Go to jail. Go directly to jail. Do not pass go. Do not collect $200.00.

Drat!

There are a few board games that virtually everyone has played. At some point you took the box out of the closet, put it on the kitchen table, opened it up and....there it is: stacks and stacks of money! But to keep that money? And to get everyone else's?

Well, grab the race car...or the thimble...or the shoe, and off we go!

It's a great memory for many of us, sitting around the table with Dad, Mom, Brother, Sister and spending an hour (no wait, that isn't right...hours!) buying property, collecting rent, trading spaces on that magical Monopoly board.

And now, Monopoly turns 80! What do ya say? To celebrate, let's buy Reading Railroad!

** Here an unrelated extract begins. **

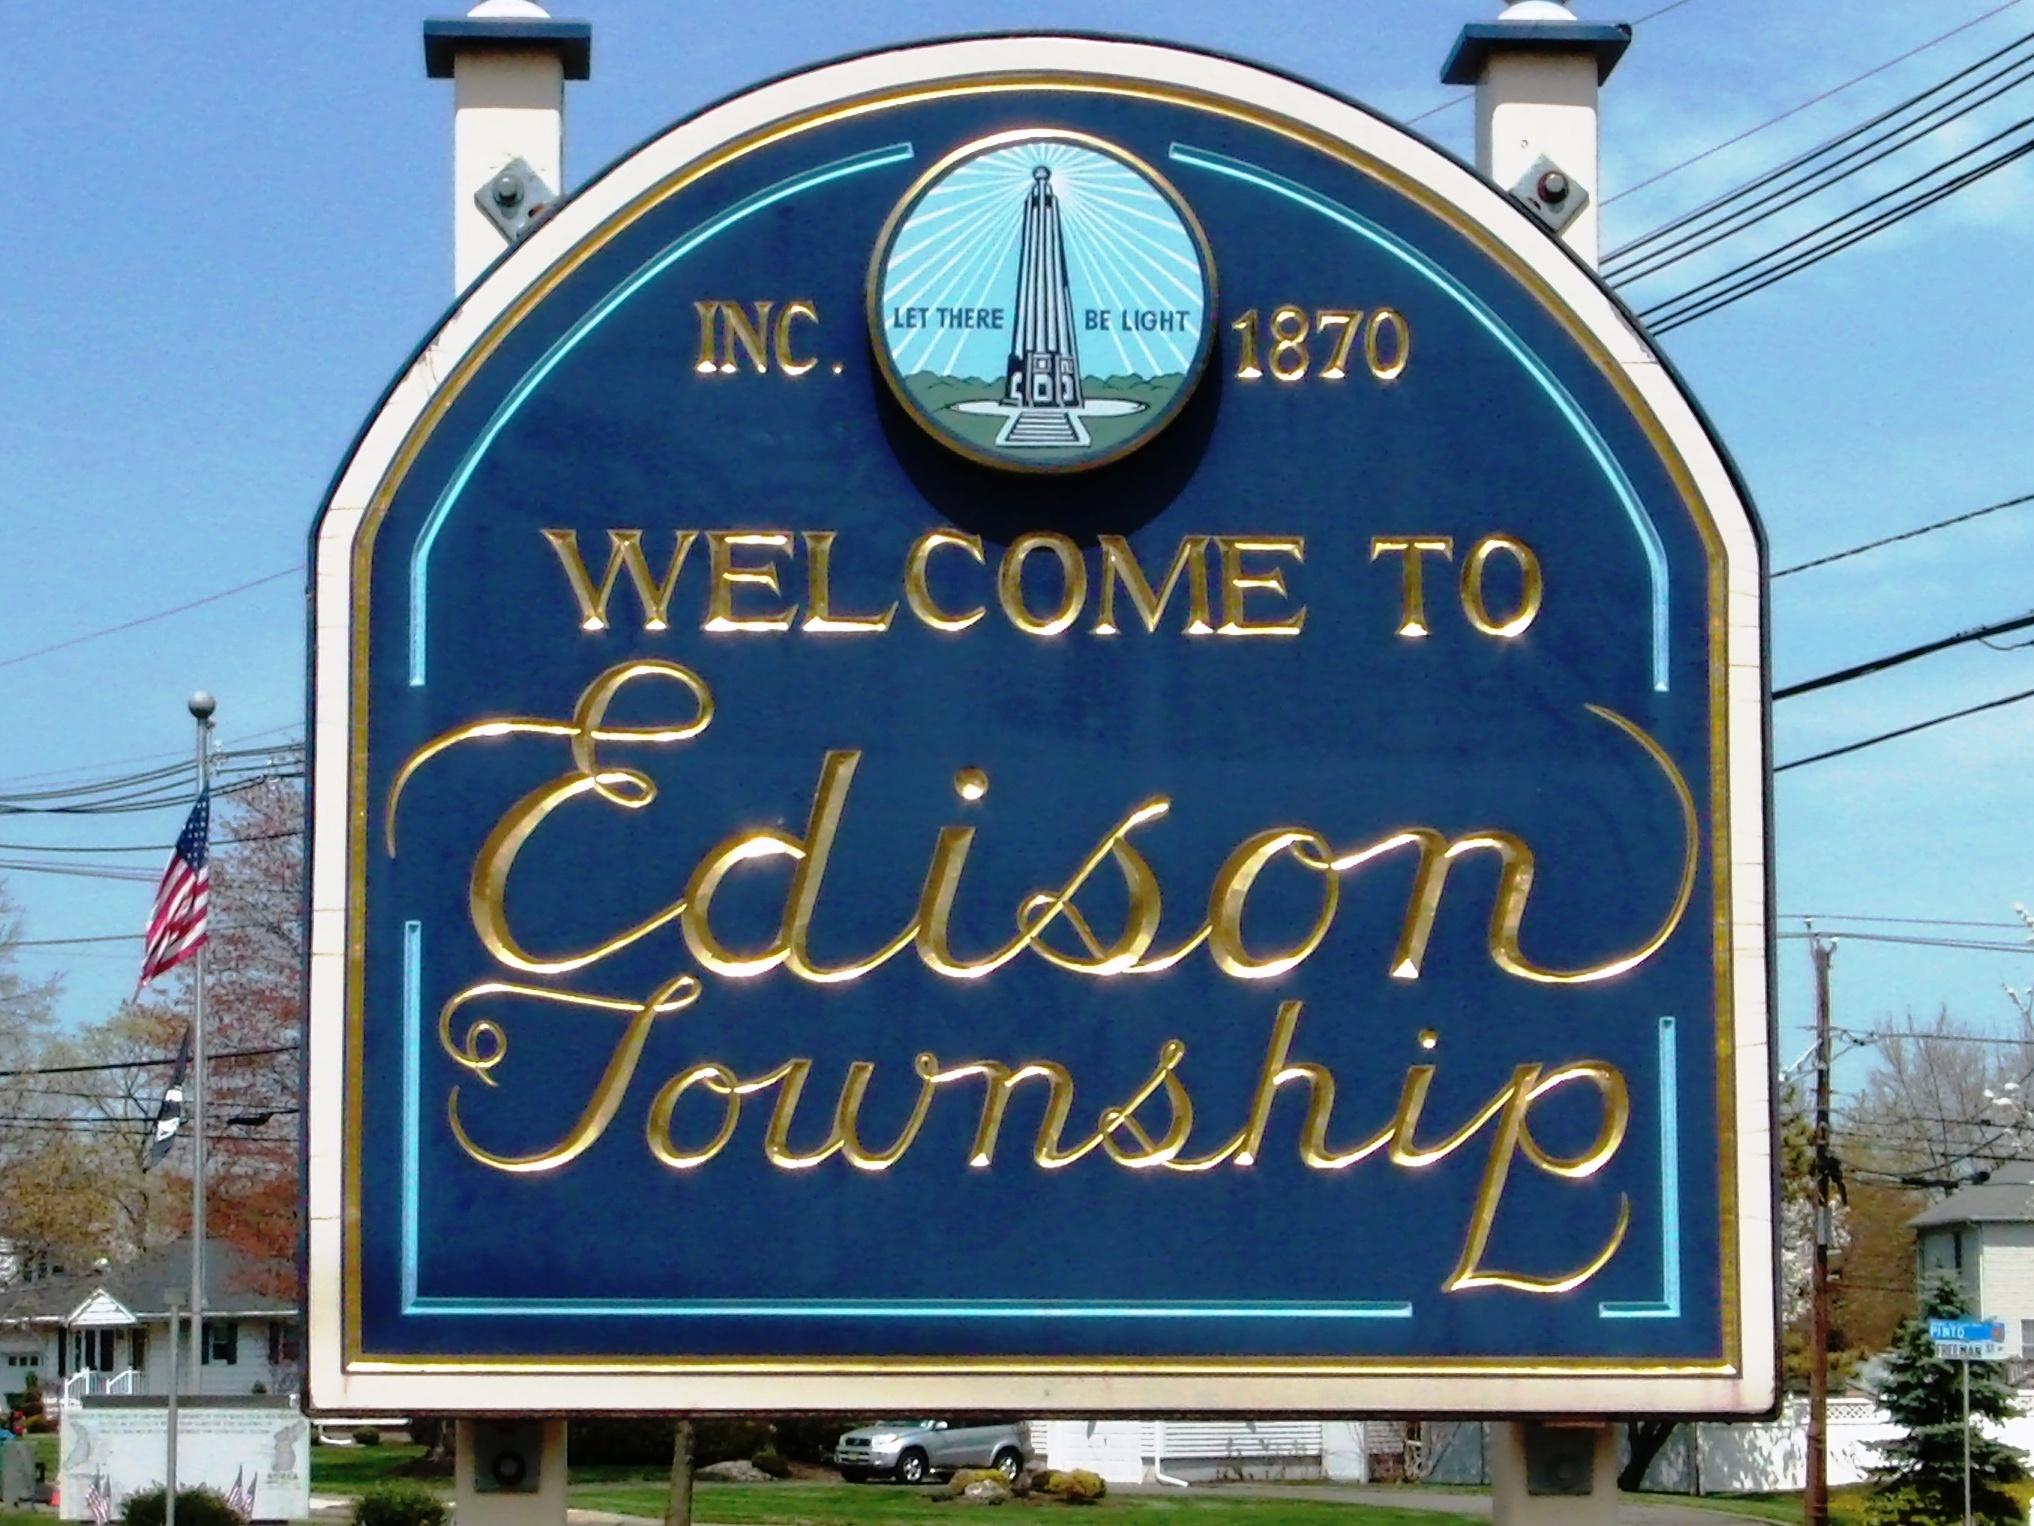 82a7918ebac9a0e10899_Sign_Welcome_To_Edison__3_.jpg

One of America’s most popular board games, Monopoly, celebrates its 80th birthday this year. The Smithsonian has a copy of the game in its “American Enterprise” exhibit that dates back to the 1940s.

Charles S. Darrow filed the copyright on the board game and received it on December 31, 1935. The game was already a financial success for him because he sold his rights to the game to Parker Brothers, who started manufacturing the game as soon as it became theirs. By Christmas of that year, Parker Brothers had sold a quarter of a million copies of the game. By the same time the next year, that number had more than doubled, to 1.8 million copies, providing them a profit margin of two million dollars.

It is interesting to note that the Darrow game was heavily influenced by The Landlord’s Game, a game created by Elizabeth Magie and patented in 1903. Since the advent of Darrow’s game through Parker Brothers, other games have tried to pass it in popularity. There was even one released in the 1970s by economist Ralph Anspach called Anti-Monopoly. The objective of that game was that the players were lawyers trying to break up monopolies.

Parker Brothers filed a complaint against Anspach for violating their trademark, but he did retain his right to sell Anti-Monopoly.